Thinking of heading over there myself in the new year. As neither myself or the wife drive, does anybody know if there is transport i.e.train/bus from Paris/Beauvais if so do they know cost.
Thanks in advance 

*Slim
Frequent poster
Re: Advice on visiting EuroDisney*

Brynick

From Beauvais there is the Ryanair bus, €10 each way which drops and picks up at Porte Maillot in Arrond. 17, north west of city, in the Arc de Triomphe area. See the website for details. From CDG airport there is train and bus into Paris.

Slim  

*Red
Unregistered User
Euro Disney*

Hi there

I went to Euro disney 2 years ago in Oct with my then 8 year old and stayed in the NewPort Bay Hotel. It was a great hol stayed for 3 days (was a bit brain washed with all the piped music tho). It was a great time to go as the whole Halloween theme was on but we didn't have to pay Halloween prices. I would recommend staying in one of the resort hotels as there is some action in the village at night - eg Cowboy show - "authentic" westen grub while watching cowboy action - my daughter loved it. Also you can go to the Character Breakfasts early in the morn. As for transfer - we got the Euro Disney coach right outside CdG airport - you really don't need a car if you are only going for a short break.  

*Megabyte
Unregistered User
All  Disneyland Paris*

Plan to go paddys weekend with an 8 and 5 year old.
Staying in Paris and plan to spend a whole day in the resort 9 till 9 evening.
Anybody got tips of the best things to do there and maybe not to do. 

*Slim
Frequent poster
Re: Disneyland Paris*

I presume you mean in Disney? I would say you should obtain a park guide when you pay for your ticket. Then get on the train which goes around the park and get off at Discovery land(so you don't end up back at the start). In Discovery Land there is Space Mountain. This is a violent rollercoaster type ride and your kids may be too young/small for it. There are parades during the day, check times locally, and they are nice. If the park is busy, go to the popular rides and book a time for later, Fastpass, and then enjoy the rest of the park. There is a huge amount to see and do, small rides for the kiddies etc. eating in the park is not as dear as people think but it's all of the disposable plate variety, but we found it reasonable and quite tasty. Stay til the end of the day as the parade and fireworks are fab. There is a Disneyland Studio next door but it does not seem worth the visit. There is a train link to Paris which stops at the gate, underground.

enjoy

Slim


----------



## sueellen (30 Oct 2004)

*Some other posts*

*Brynick
Registered User
Eurodisney - How to get there from Beauvais?*

Thinking of heading over to Eurodisney in the new year. As neither myself or the wife drive, does anybody know if there is transport i.e.train/bus from Paris/Beauvais if so do they know the cost.
Thanks in advance 

*EvilDoctorK
Re: Eurodisney - How to get there from Beauvais?*

I don't believe there's any Bus etc. directly from Beauvais (I think there is from CDG airport and Orly but not Beauvais). Beauvais is pretty much the opposite end of the Paris are from Disney.

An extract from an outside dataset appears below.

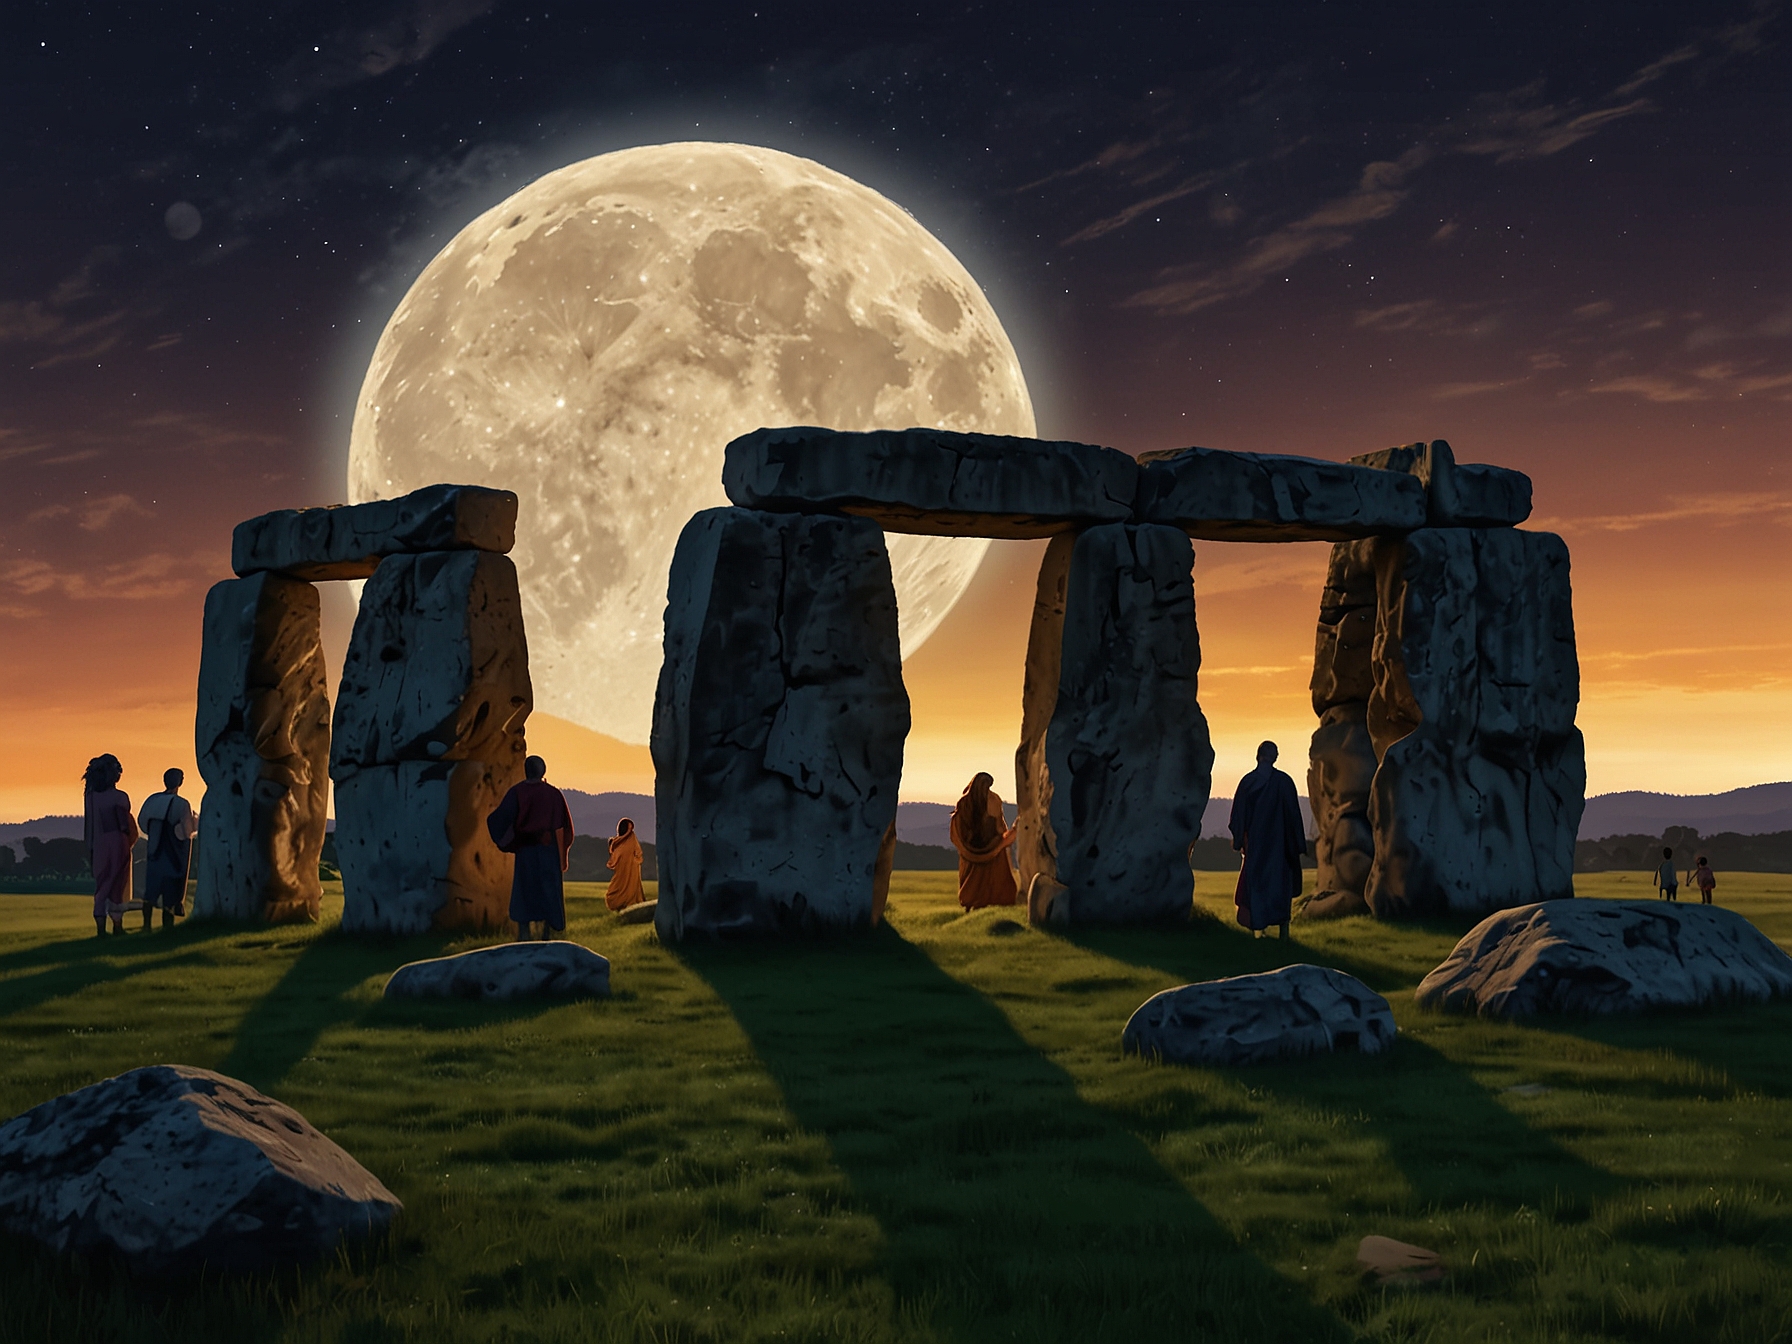 A depiction of people gathered at Stonehenge during the summer solstice, watching the sunrise as the full moon sets. This image captures the blend of ancient traditions and natural wonders during this celestial event.

I think to get there without driving you would have to go into town on the Bus or Train from Beauvais and change to the RER line A (look on www.ratp.fr/ for maps etc.) 

*zag
Administrator
Re: Eurodisney - How to get there from Beauvais?*

Go to [broken link removed] - change language to English, put in Beauvais and Disney and you can see the (indirect) rail links.

We drove through Beauvais in March and it didn't seem particularly large, so I guess a taxi to the railway station couldn't cost much.

z 

*Dr Moriarty
Frequent poster
Re: Eurodisney - How to get there from Beauvais?*


> a taxi to the railway station couldn't cost much


 
It's about €10 — crazily, there's no public transport between the airport and the town of Beauvais! Then it's another €10.50 each for a train into Paris...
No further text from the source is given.